For signaling, DAMPs and MAMPs associate with TLRs mainly as homo and heterodimers (46). In the case of TLR4, recognition of LPS requires binding to the accessory proteins LPS-binding protein and CD14 before being transferred to the TLR4/MD2 protein complex (47). In addition to TLR4; TLR2, TLR5, and TLR9 are responsible for recognition of bacterial components. TLR2, in association with either TLR1 or TLR6, recognizes various bacterial cell wall components, such as lipoteicoic acid (48) and lipoproteins/lipopeptides (49, 50), while TLR5 mediates the response to flagellin (51) (Figure 2). Similarly to TLR4, and in accordance with their functions, TLR2 and TLR5 are membrane bound. Among the intracellular TLRs, TLR9 recognizes bacterial DNA through CpG motifs (52). The cell response to viruses is manly triggered by the recognition of viral components by the intracellular receptors TLR3, 7, and 8 (53), although it is reported that TLR4 can also recognize viral proteins (54). TLR7 can also be targeted by the synthetic compound imiquimod, used for topical treatment of skin cancers and other cutaneous disorders (55).

Since the cloning of TLR4, it has been shown that TLR4 signals through NF-κB pathway to induce cytokine production (19). Later, several molecules were identified as adapter proteins upstream the activation of NF-κB and other signaling pathways, such as MAPKs, as extensively reviewed elsewhere (56–59).

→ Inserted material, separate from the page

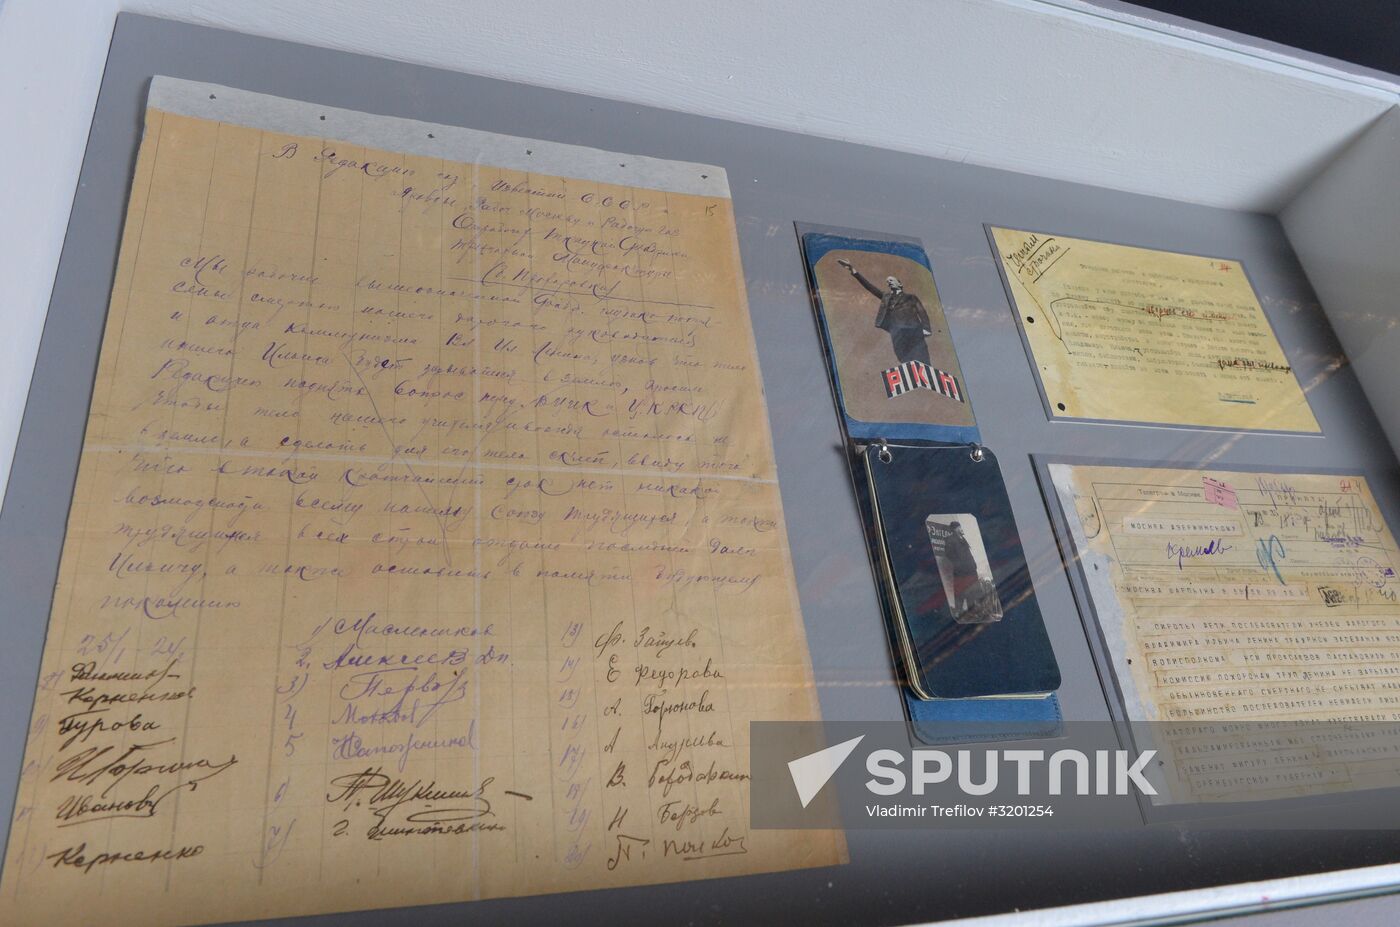 Lenin historical document exhibition items

To induce effector gene expression, upstream of NF-κB, TLRs use the canonical myeloid differentiation factor 88 (Myd88) pathway and the non-canonical Myd88-independent, TIR-domain-containing adapter-inducing interferon-β (TRIF) pathway (Figure 3). With exception of TLR3, all TLRs activate the Myd88-dependent pathway, while the Myd88-independent pathway can also be activated by TLR3, TLR4, and TLR5 (Figure 3).

FIGURE 3

Figure 3. Stimulation of TLRs activates multiple signaling pathways. With exception of TLR3, activation of TLRs results in recruitment of Myd88 to activate the Myd88-dependent canonical pathway. Myd88 activates TRAF6 to form a protein complex capable of phosphorylating the IKK complex, resulting in NF-κB activation. In parallel, the Myd88-dependent pathway results in activation of MAPK and AP-1. The Myd88-dependent pathway results in increased expression of proinflammatory cytokines. The Myd88-independent, non-canonical pathway can be activated by TLR4, TLR3, and TLR5, causing recruitment of TRIF. Unlike TLR3 and TLR5, which recruit TRIF directly to their TIR domain, TLR4 uses TRAM as an adapter protein. TRIF activates IRF3, which translocate to the nucleus to trigger expression of interferon.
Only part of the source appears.